┌────────
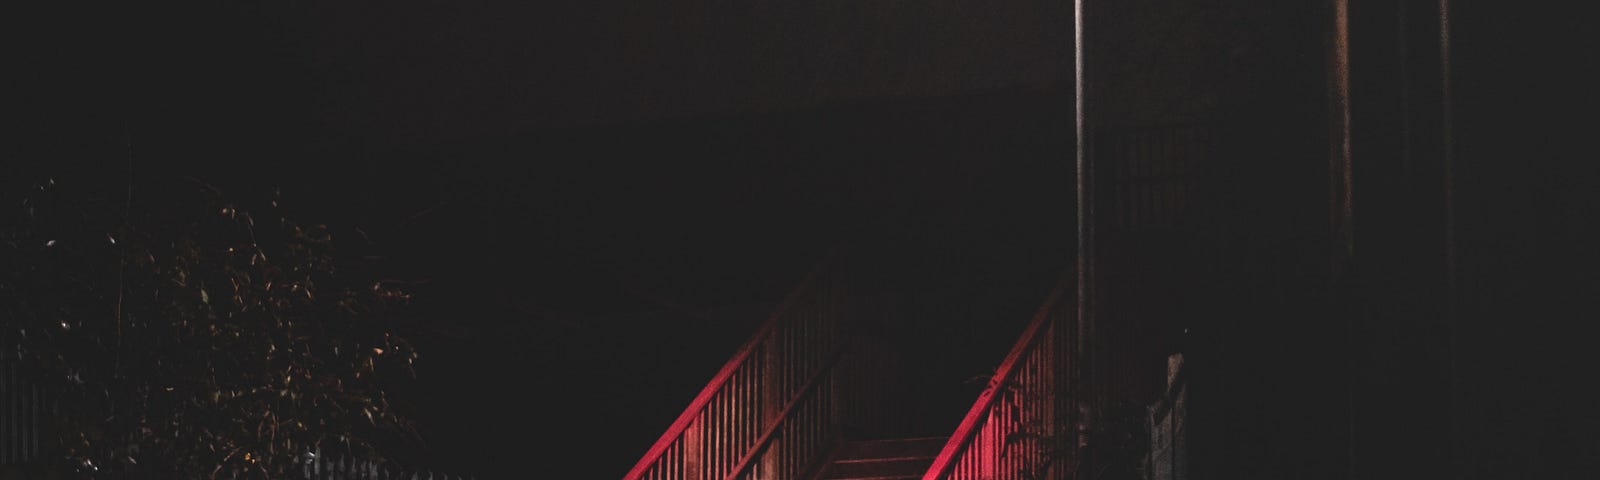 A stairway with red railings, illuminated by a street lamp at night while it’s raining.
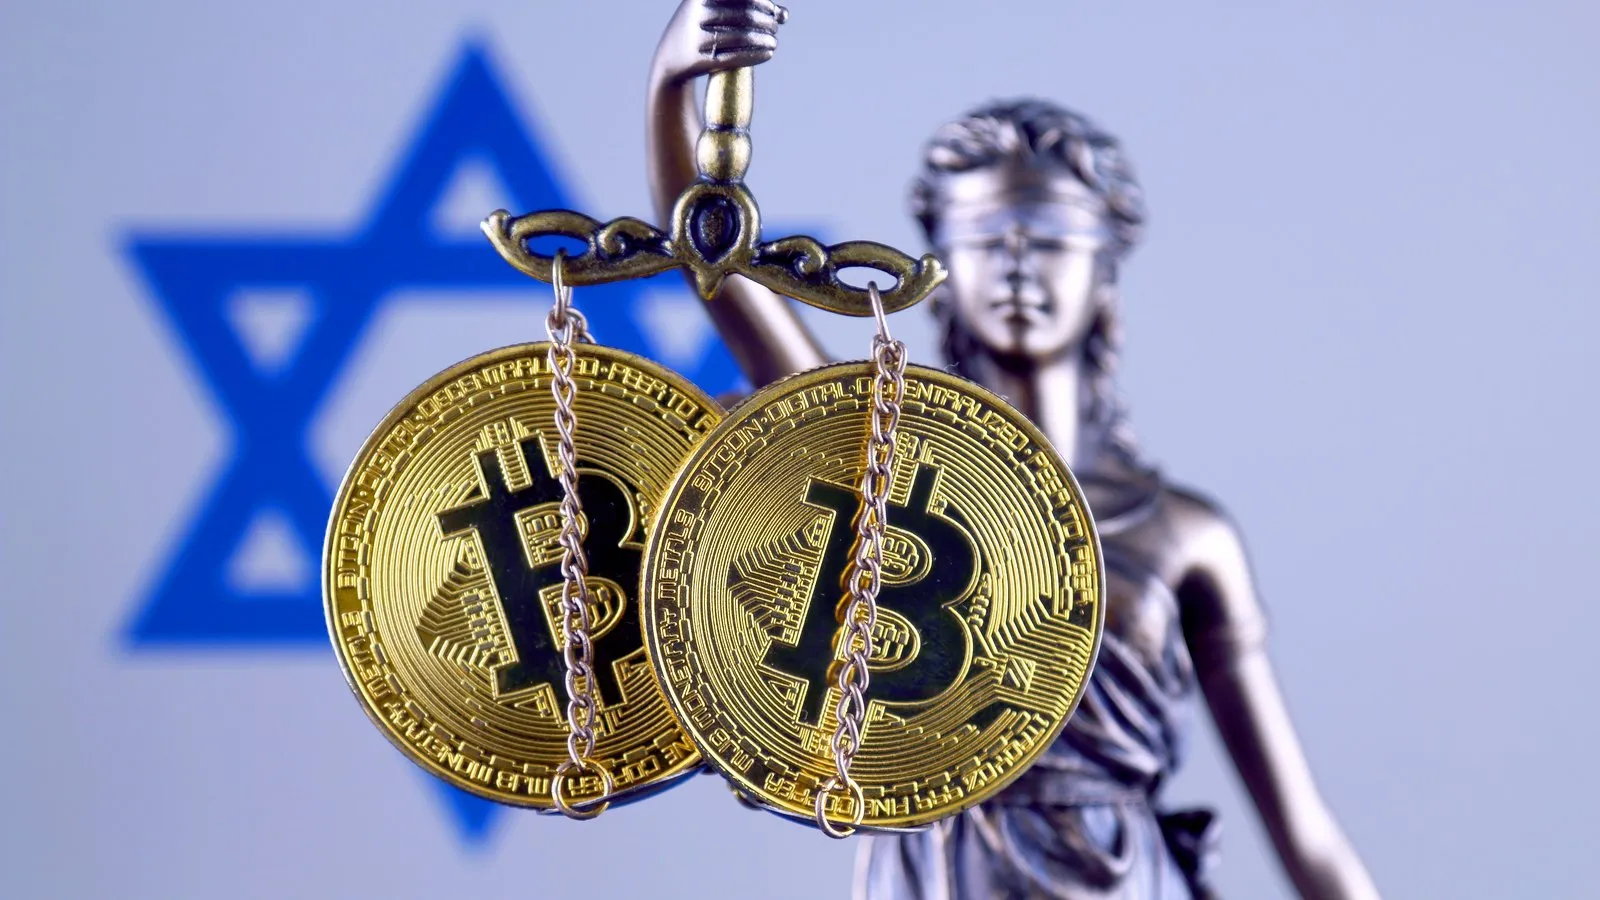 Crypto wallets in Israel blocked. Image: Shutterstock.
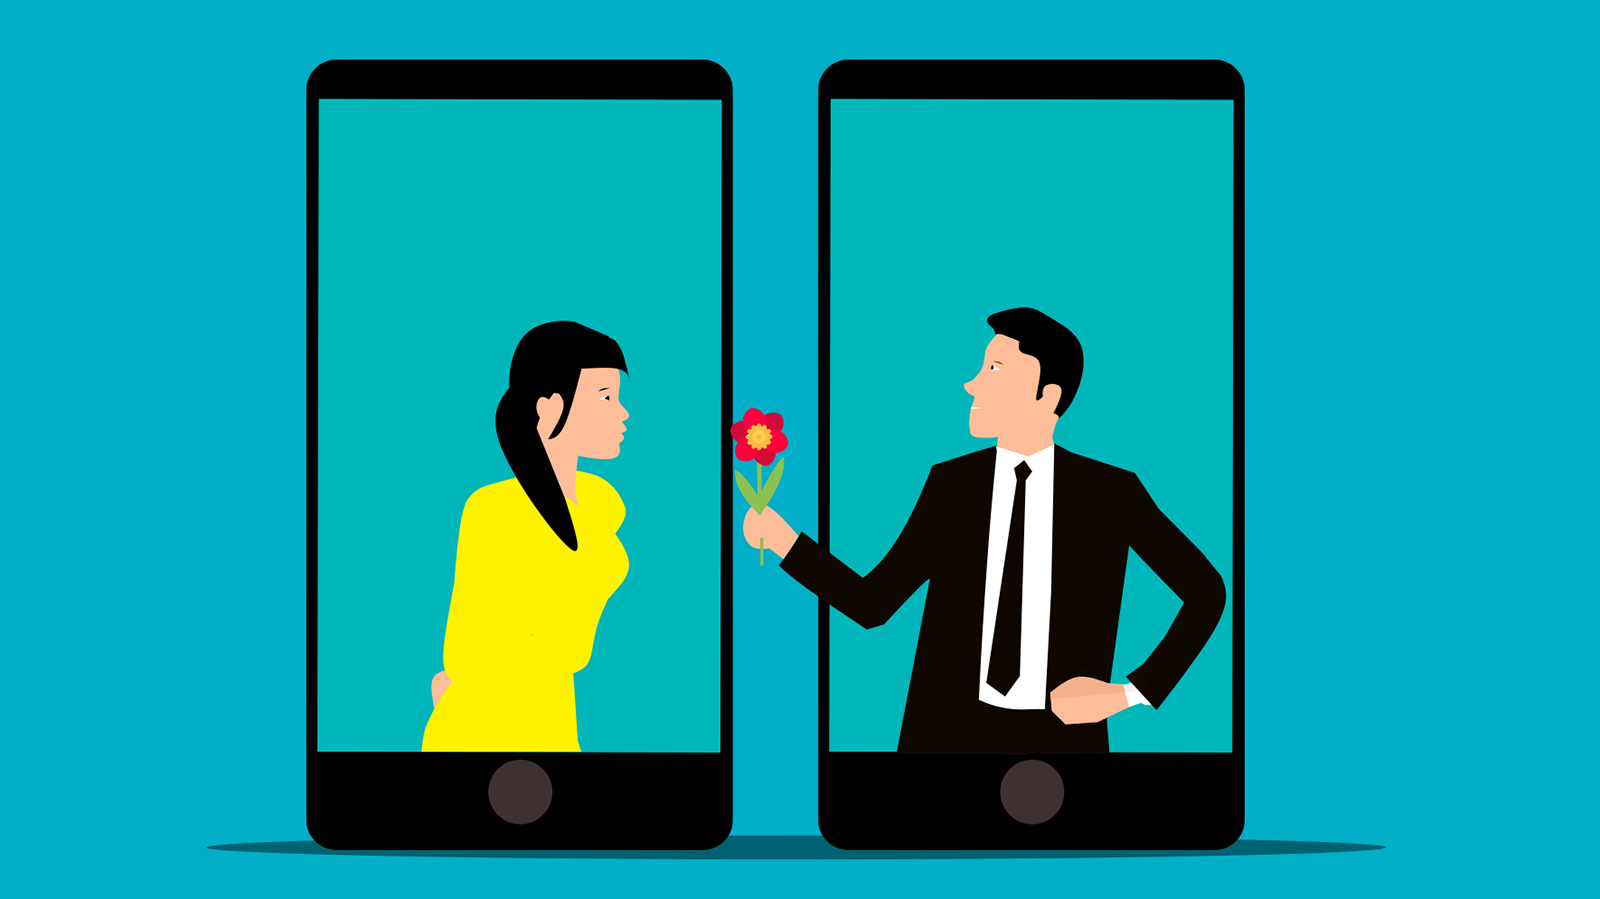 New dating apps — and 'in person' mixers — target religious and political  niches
└────────
* What the task asks
Type the listing above out again exactly, and omit all pictures.

* Completed task
 A stairway with red railings, illuminated by a street lamp at night while it’s raining.
 Crypto wallets in Israel blocked. Image: Shutterstock.
 New dating apps — and 'in person' mixers — target religious and political  niches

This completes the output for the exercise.